Re: [PATCH v2] Bluetooth: qca: Fix BT enable failure again for QCA6390 after warm reboot

[Date Prev][Date Next][Thread Prev][Thread Next][Date Index][Thread Index]

 




On 2024/5/21 23:48, Luiz Augusto von Dentz wrote:
> Hi,
> 
> On Tue, May 21, 2024 at 10:52 AM Lk Sii <lk_sii@xxxxxxx> wrote:
>>
>>
>>
>> On 2024/5/16 23:55, Luiz Augusto von Dentz wrote:
>>> Hi,
>>>
>>> On Thu, May 16, 2024 at 10:57 AM Lk Sii <lk_sii@xxxxxxx> wrote:
>>>>
>>>>
>>>>
>>>> On 2024/5/16 21:31, Zijun Hu wrote:
>>>>> Commit 272970be3dab ("Bluetooth: hci_qca: Fix driver shutdown on closed
>>>>> serdev") will cause below regression issue:
>>>>>
>>>>> BT can't be enabled after below steps:
>>>>> cold boot -> enable BT -> disable BT -> warm reboot -> BT enable failure
>>>>> if property enable-gpios is not configured within DT|ACPI for QCA6390.
>>>>>
>>>>> The commit is to fix a use-after-free issue within qca_serdev_shutdown()

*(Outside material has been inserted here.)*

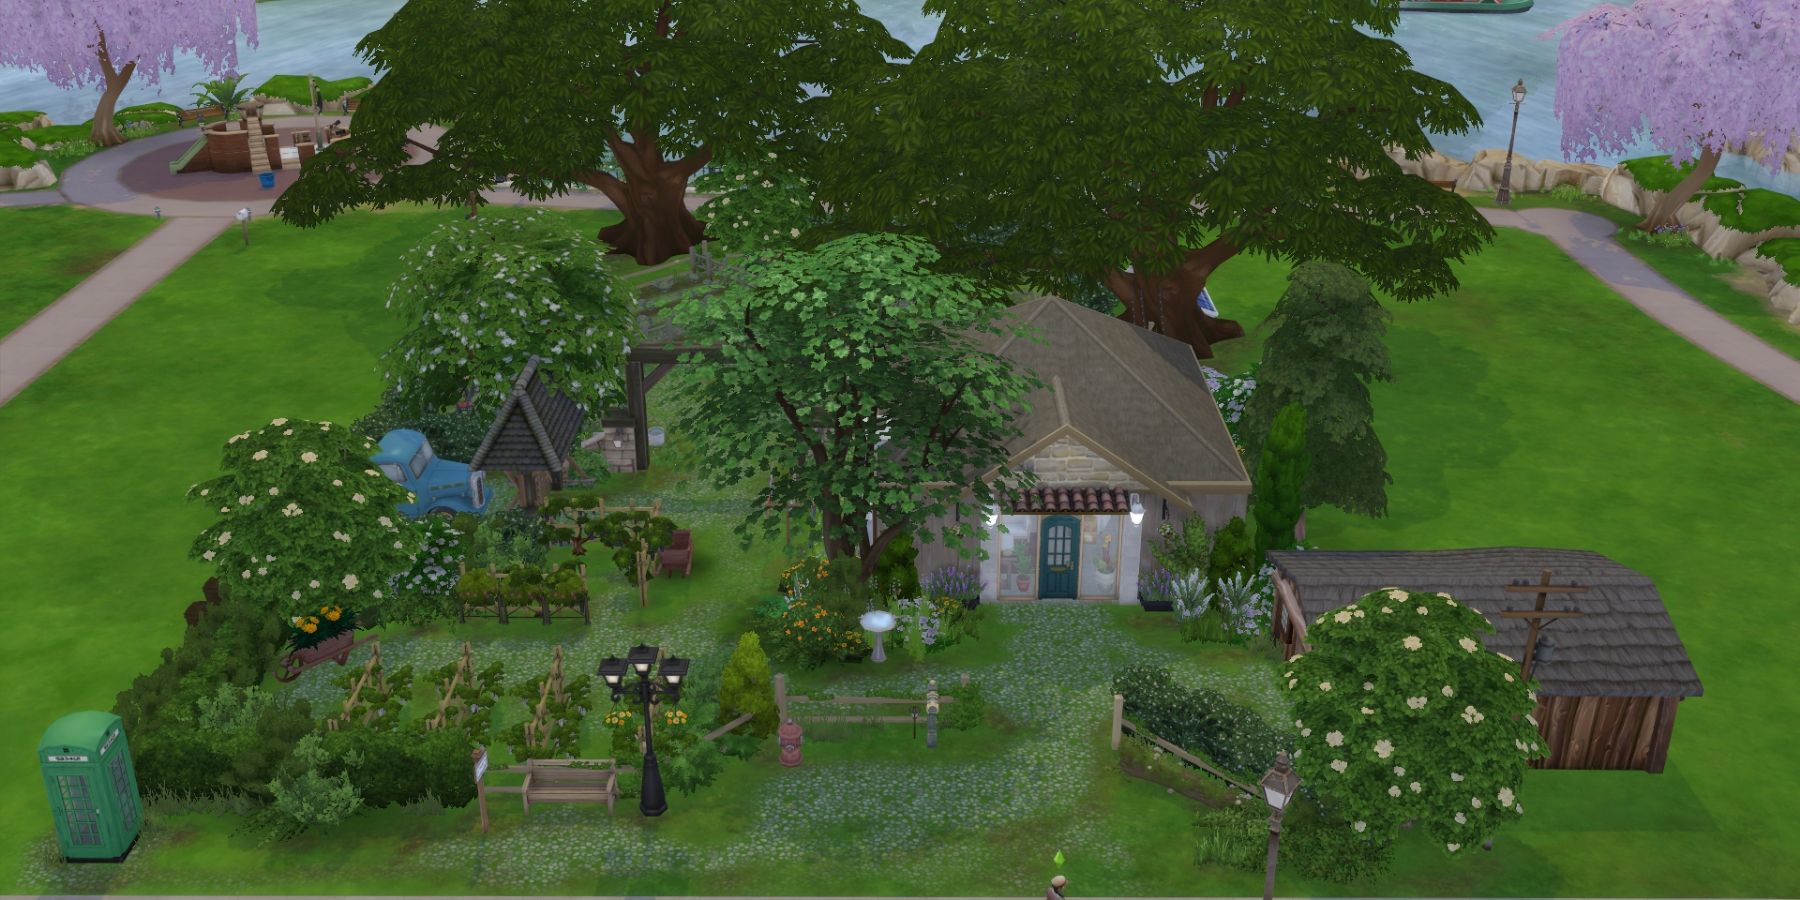 2K Starter Home in the sims 4

>>>>> by adding condition to avoid the serdev is flushed or wrote after closed
>>>>> but also introduces this regression issue regarding above steps since the
>>>>> VSC is not sent to reset controller during warm reboot.
>>>>>
>>>>> Fixed by sending the VSC to reset controller within qca_serdev_shutdown()

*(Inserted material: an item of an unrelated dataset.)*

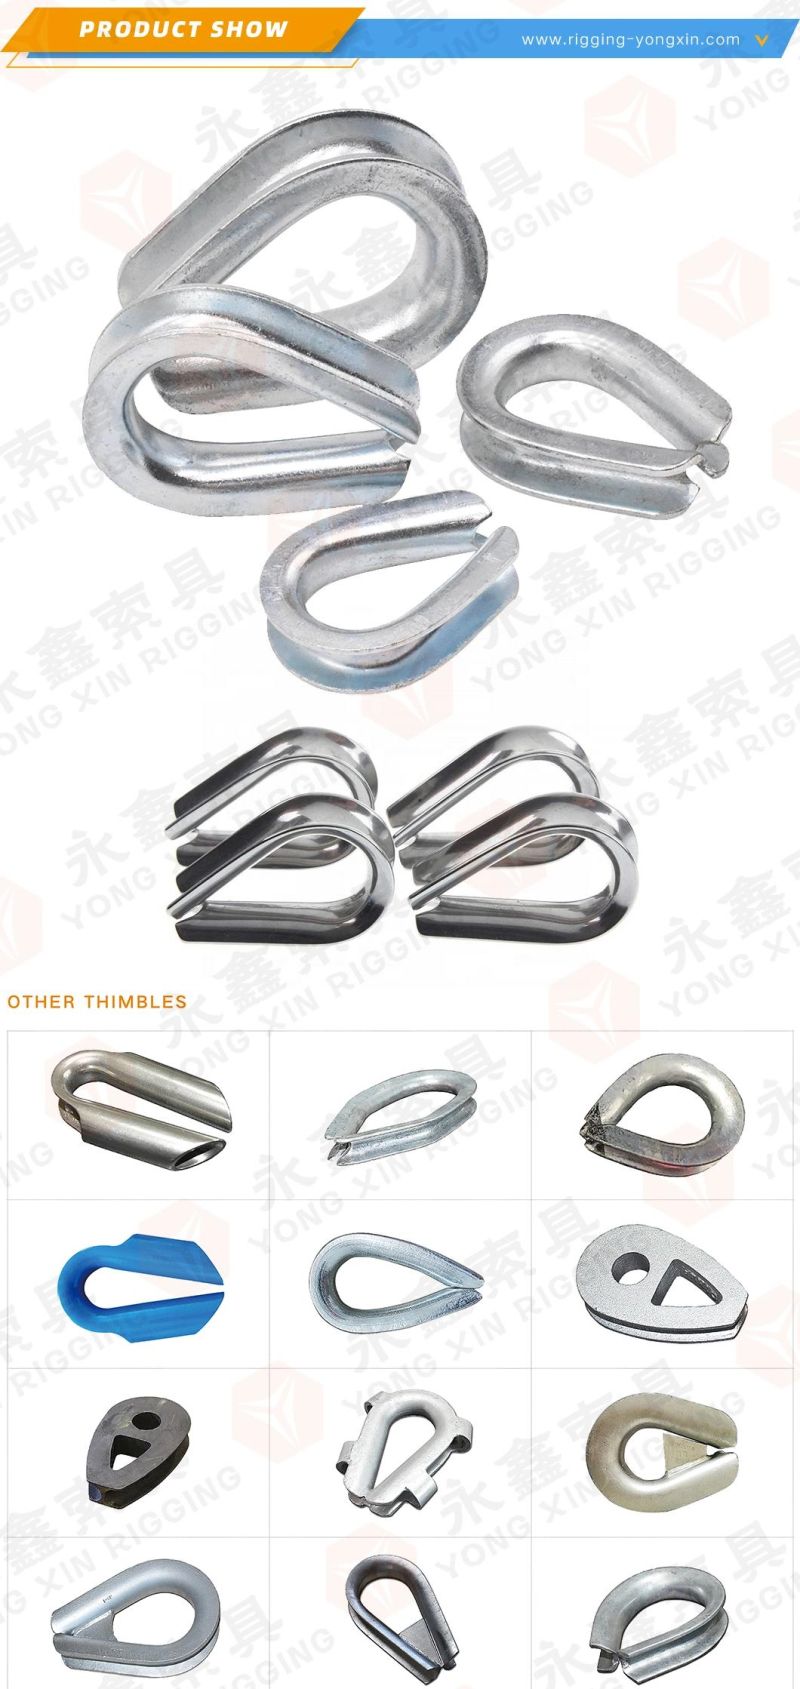 High Quality 1/2" 3/4" 7/8" G414 Hot DIP Galvanized Rigging Hardware Heavy Duty Us Type Cable Thimble

>>>>> once BT was ever enabled, and the use-after-free issue is also fixed by
>>>>> this change since the serdev is still opened before it is flushed or wrote.
>>>>>
>>>>> Verified by the reported machine Dell XPS 13 9310 laptop over below two
>>>>> kernel commits:
>>>>> commit e00fc2700a3f ("Bluetooth: btusb: Fix triggering coredump
>>>>> implementation for QCA") of bluetooth-next tree.
>>>>> commit b23d98d46d28 ("Bluetooth: btusb: Fix triggering coredump
>>>>> implementation for QCA") of linus mainline tree.
>>>>>
>>>>> Fixes: 272970be3dab ("Bluetooth: hci_qca: Fix driver shutdown on closed serdev")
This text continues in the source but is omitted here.